A simple solution to the often annoying problem of protecting config files.

secureconfig makes keeping your secrets secure on servers and source control repositories easy by restricting your choices on the matter, defaulting to a "medium-high paranoia" set of operations.

Those choices, specifically:

Use AES-128 CBC via Fernet (see https://cryptography.io/en/latest/fernet/ )
Store keys in environment variables, or in files protected by the system.
Provide an easy way to overwrite sensitive string data left behind by with zeroes.

This library has undergone an overhaul since last version, so if you were using 0.0.2.x, please read the below carefully so you understand what has changed (A LOT!).

The major philosophical shift was to separate the duties of encryption and data structure handling into the CryptKeeper classes and SecureConfig* classes. This means that if you just want a consistent way to encrypt/decrypt strings and files that works across all of your data structures, the CryptKeeper classes will come in handy.

Config styles currently supported:

ConfigParser (see SecureConfigParser)
Json (see SecureJson) -- whole-data encryption only.
serialized dictionaries (see SecureConfig) -- whole-data encryption only.

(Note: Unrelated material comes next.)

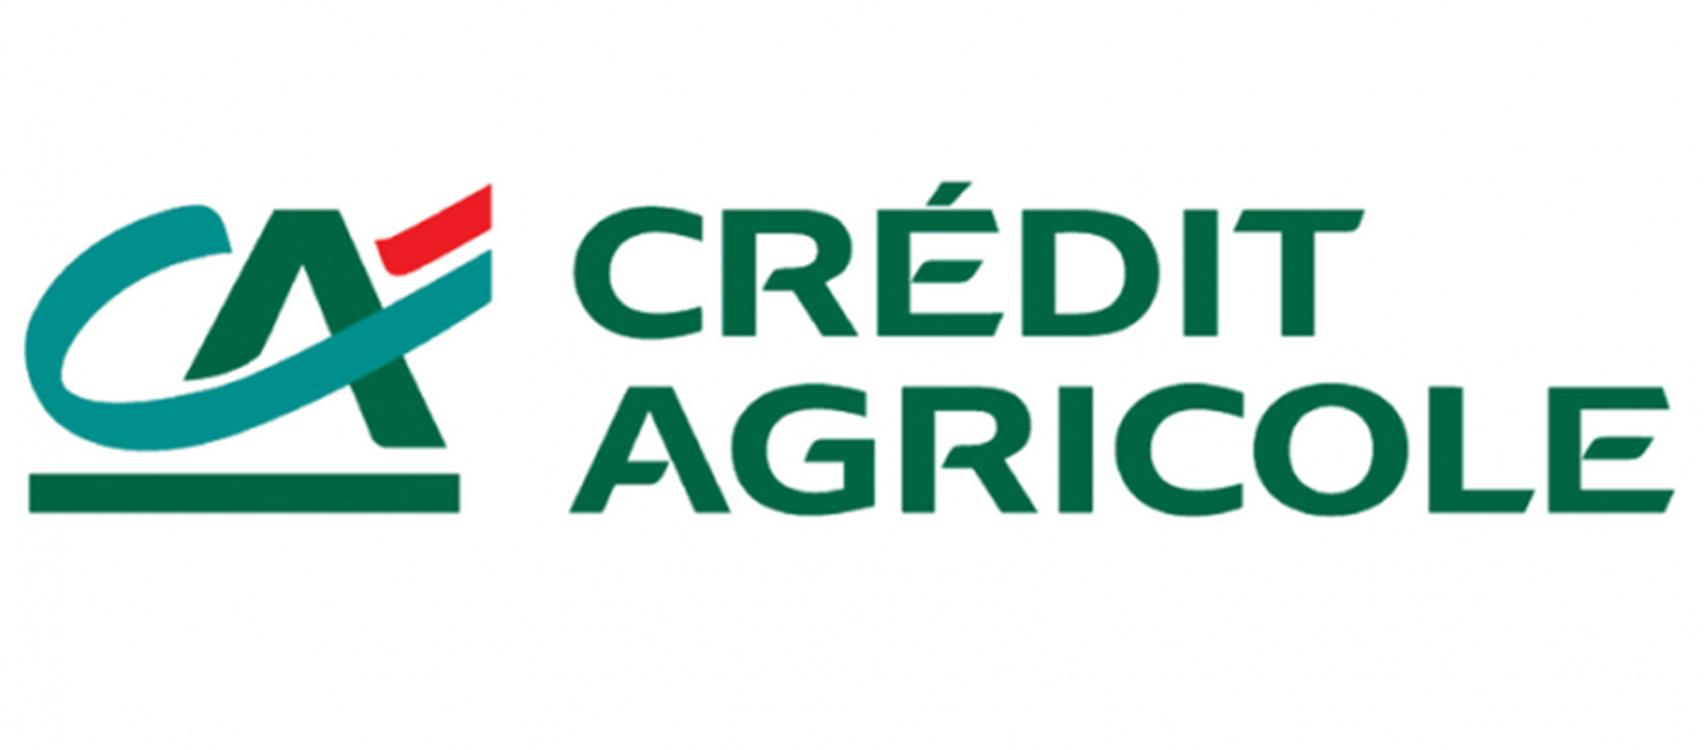 Credit Agricole  (погашення кредиту)

If you'd like to see another type supported, please file a feature request on GitHub at https://github.com/nthmost/python-secureconfig

Purpose

secureconfig is being developed in the context of an open-source-loving, "information wants to be free" kind of company that also does not wish to get totally pwned in a heartbeat when, say, bitbucket has a major security breach.

We have a lot of pre-existing code that makes use of ConfigParser ini-style files and also JSON config files. The best solution for protecting our services and sensitive information would be to create a drop-in replacement for ConfigParser that allows us to keep 99% of the way we interact with config files, and simply wraps the decryption step.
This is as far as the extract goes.